I’m going to try and write this month’s Poly Means Many piece without using the word that I think best sums up my approach to the topic of poly saturation because I’ve already dedicated an article to my thoughts on that topic. It begins with a b and ends in alance, but I’m not going to use that word here.
So, this month we are writing about saturation – is it just me or does at hint at lascivious activities? The dictionary definition includes: soaked, impregnated, or imbued thoroughly; charged thoroughly or completely; brought to a state of saturation.
That said, saturation also has a slightly negative connotation, as it’s frequently coupled with over, and as we all know, to be over saturated is not a good thing.
Of course when we apply the word saturation to polyamory, which itself is the notion of being able to love more than one person and suddenly the word saturation seems out of place, after all there is no such thing as ‘too much love’, right?

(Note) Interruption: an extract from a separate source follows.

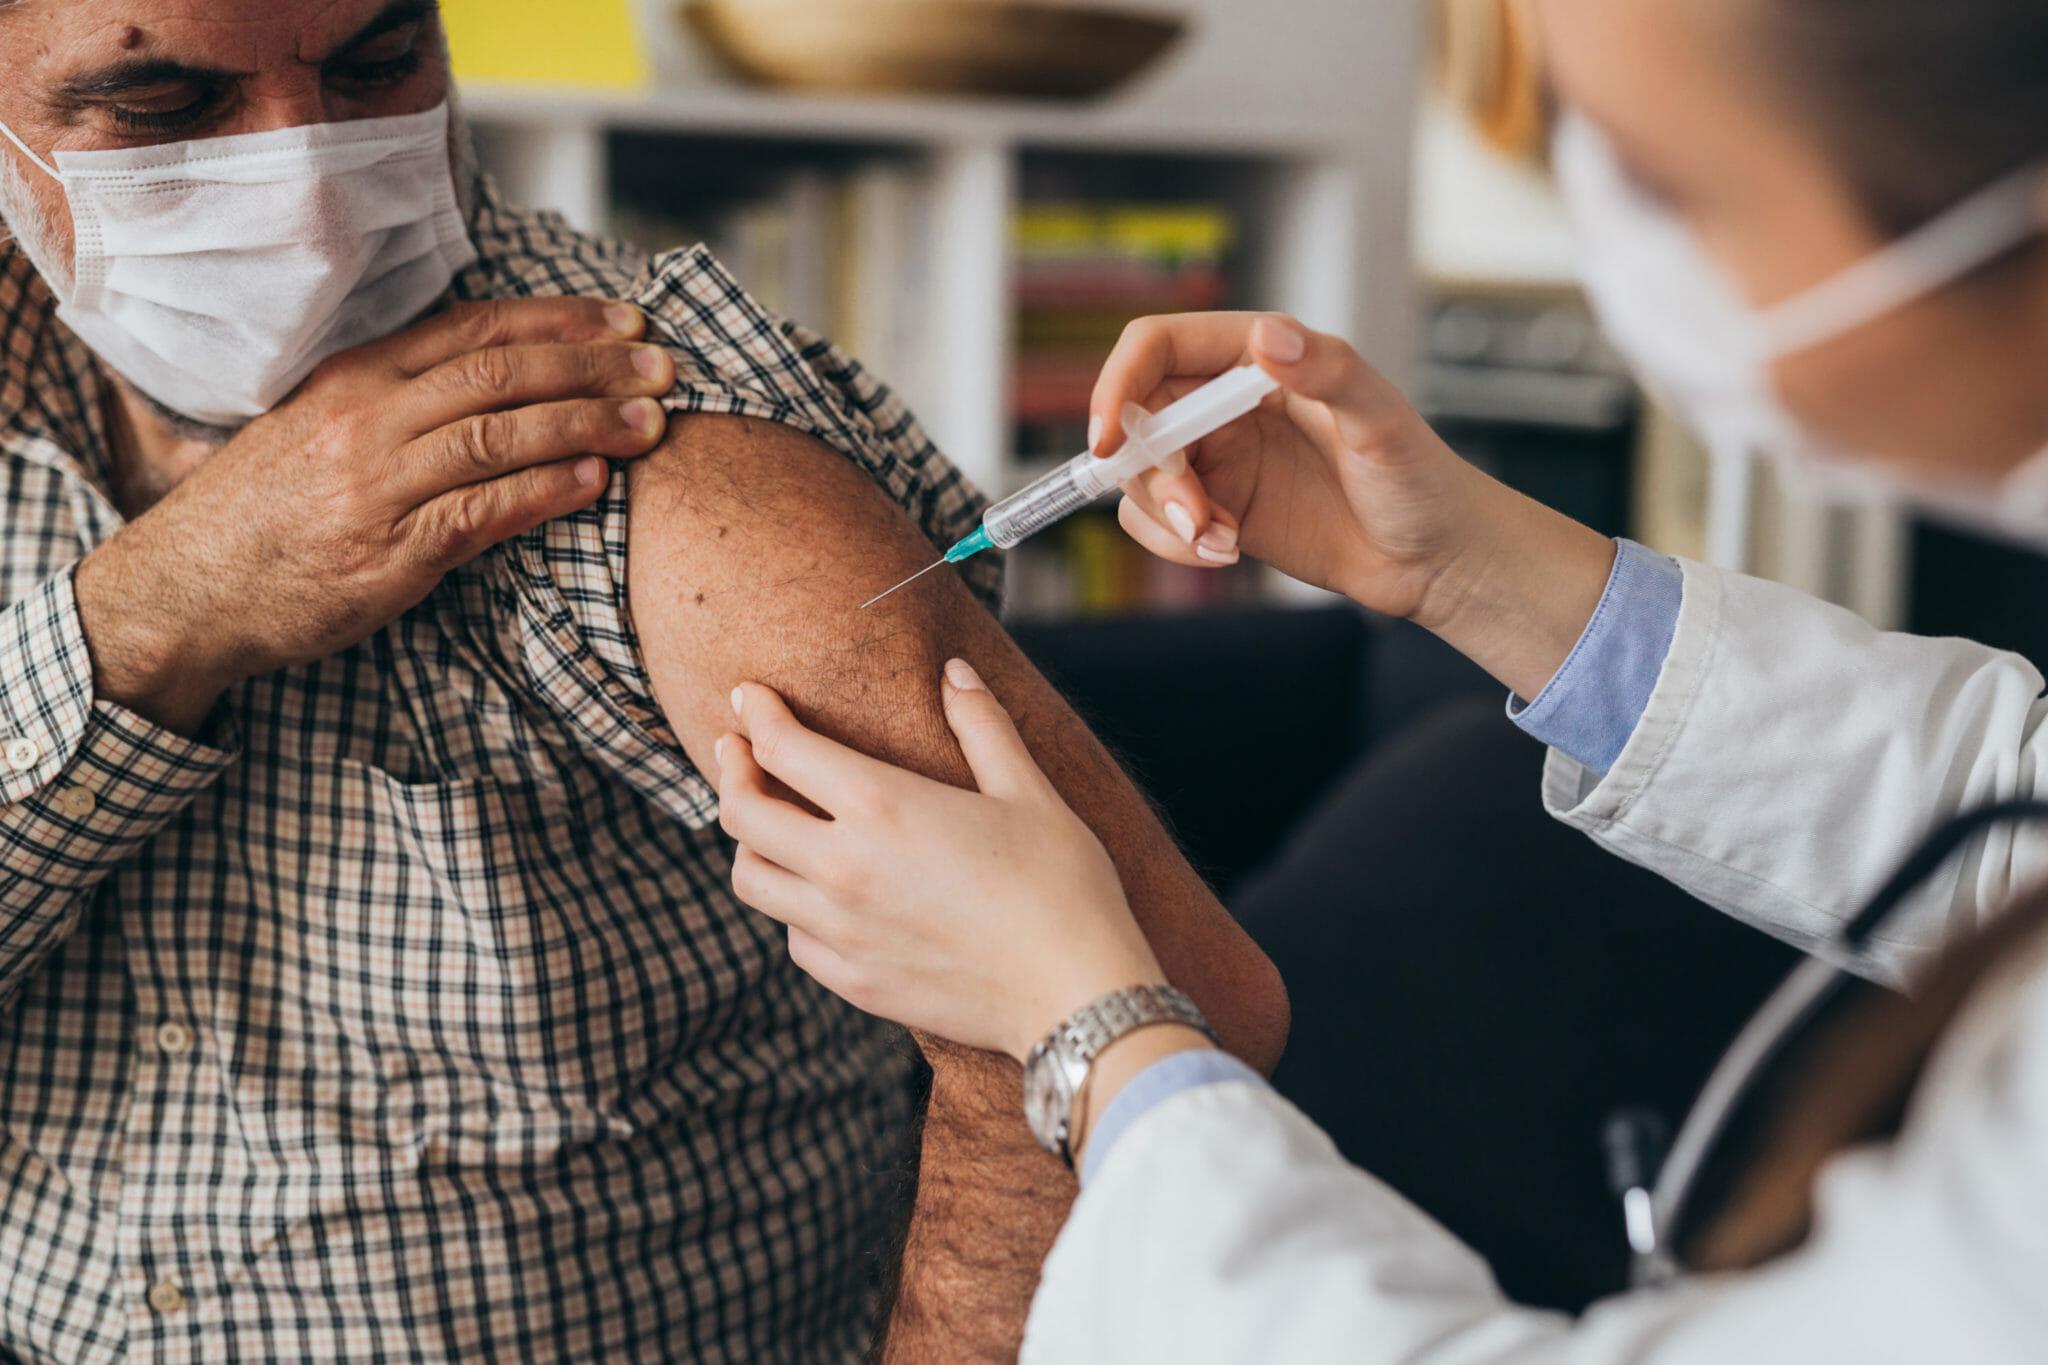 Person receiving vaccination

Love = relationships, regardless of how they are defined (and we should probably write about that word in the future, “relationships” will be a rich vein of thinking) so you could say, on the purest level, that it can’t be right that one person could have too many relationships, too much love.
But of course there are other constraints to a relationship, other reasons why someone who is poly may feel saturated, so I guess the real question I need to be asking myself is, how do I know?

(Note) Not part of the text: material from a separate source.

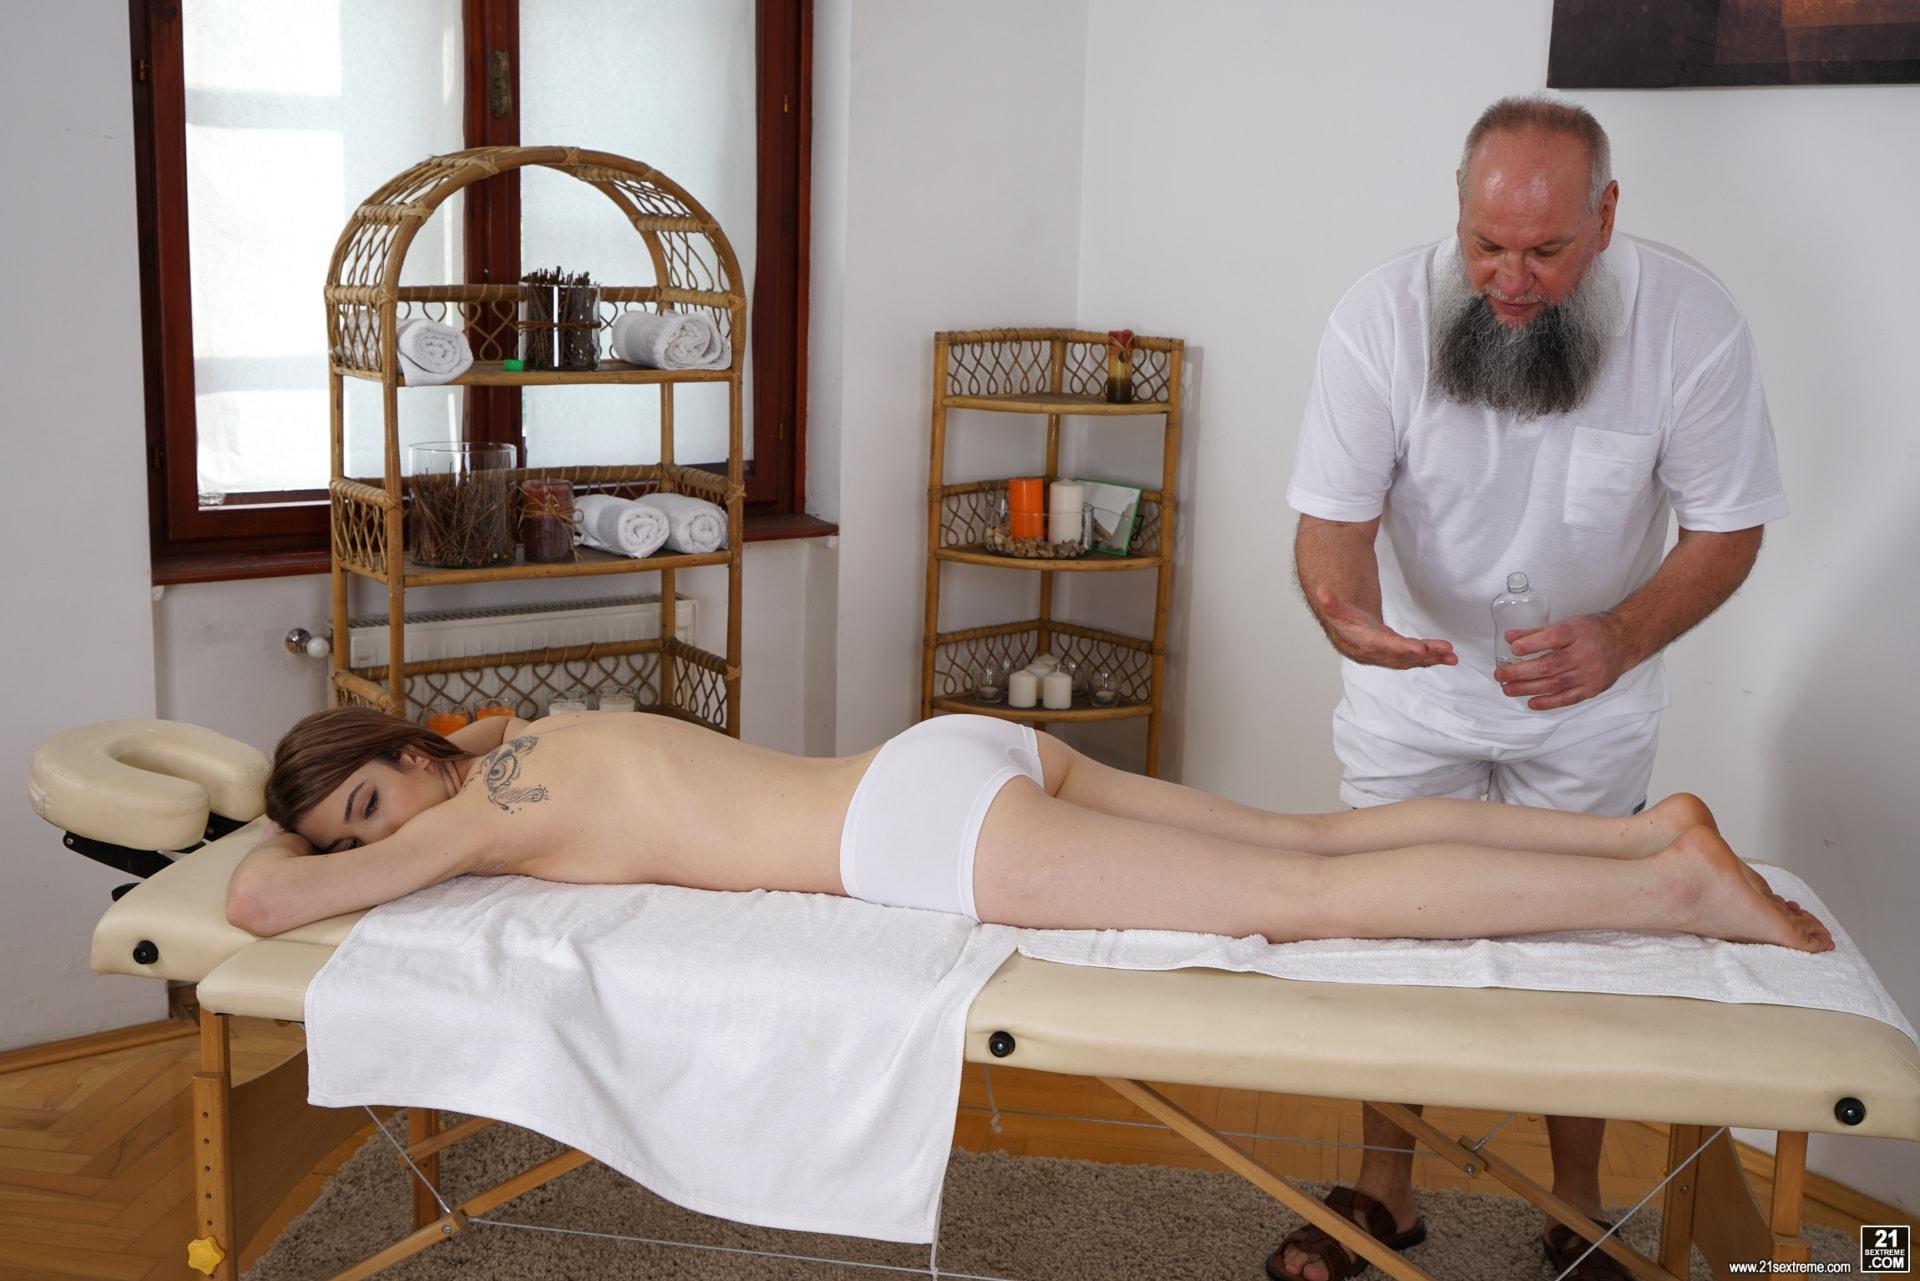 21Sextury 'Let Grandpa Massage You' starring Tera Link (Photo 34)

Do I have too many relationships? Do I want to have more relationships than I can handle? How many is too many? How many is not enough?
As with most of these things, there is no one size fits all response. At present I have two relationships and have pondered, on and off, whether I could manage another, or for that matter if I even want another.

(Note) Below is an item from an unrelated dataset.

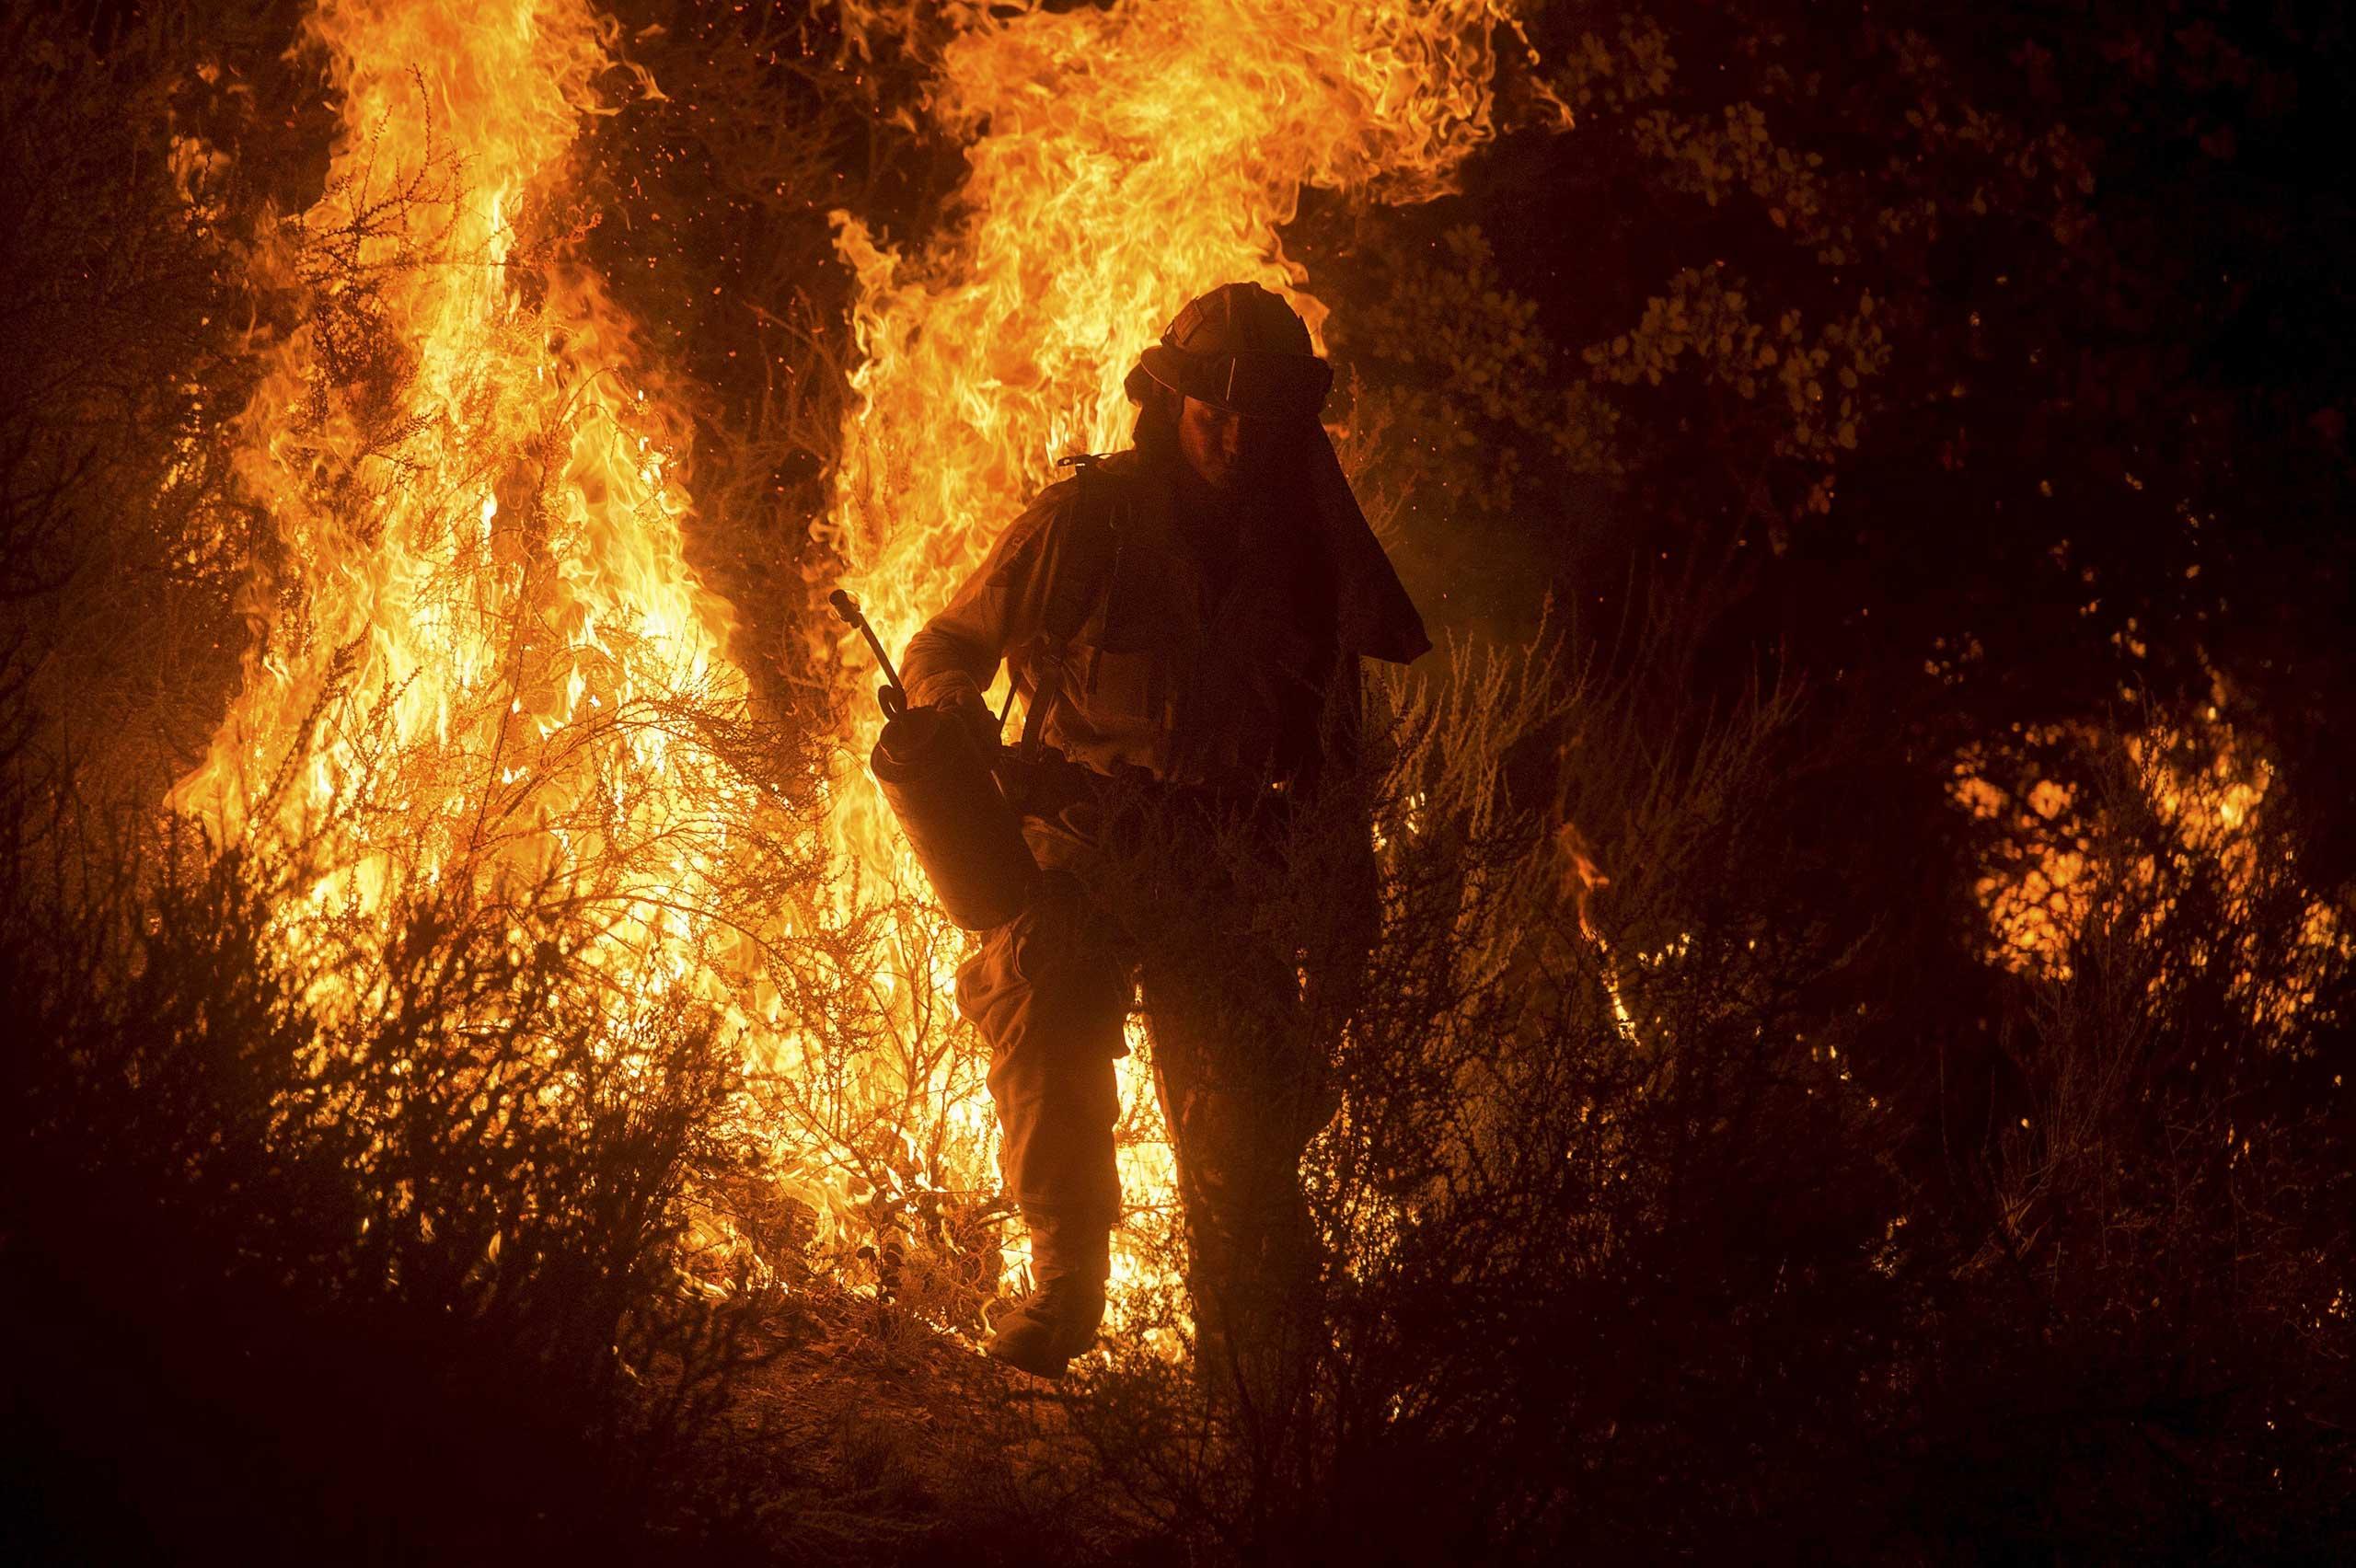 A firefighter lights a backfire while battling the Butte fire near San Andreas, California September 12, 2015.

Being open about my poly lifestyle may help my own mindset, it may allow for a third wholly casual relationship (which may allow me to explore some other things my current partners can’t offer me) which itself would bring additional pressures on my current relationships both in terms of availability (time) and dealing with any New Relationship Energy (NRE) that would inevitably occur
And that’s all before finding someone who is happy with a casual relationship… and weirdly presumes that you can permanently keep a relationship in a single state. It’s no wonder my mind continues to churn.
Looking forward there are a myriad of thoughts to be considered and discussed both with myself and my partners and, as ever, that communication will help me see whether adding ‘one more’ to my current lifestyle is even feasible, let alone desirable.
Add in the other parts of my life, work, Yelp events, ISTC website development, holidays, getting to the gym more often, even down to the basics of keeping my flat tidy and other boring household chores… and yeah it might even come down to a matter of time, perhaps I am already happily saturated as it is.
Or perhaps the fact I even have to consider whether I am, or not, suggests that, at least emotionally, I feel that I still have some room in there for someone else?
Ultimately I’m not stressing about my current relationships, nor about whether I want/need another. These days the main advantage of being poly is one that I’ve not yet utilised, far from being in a place where saturation is an issue, I’m just enjoying the fact that being poly allows for that situation to arise naturally. The opportunity is there whether I force it (and seek out someone new) or it happens naturally and, for me, that’s a welcome balance to try and strike.
Dammit, I was trying to avoid that “b” word!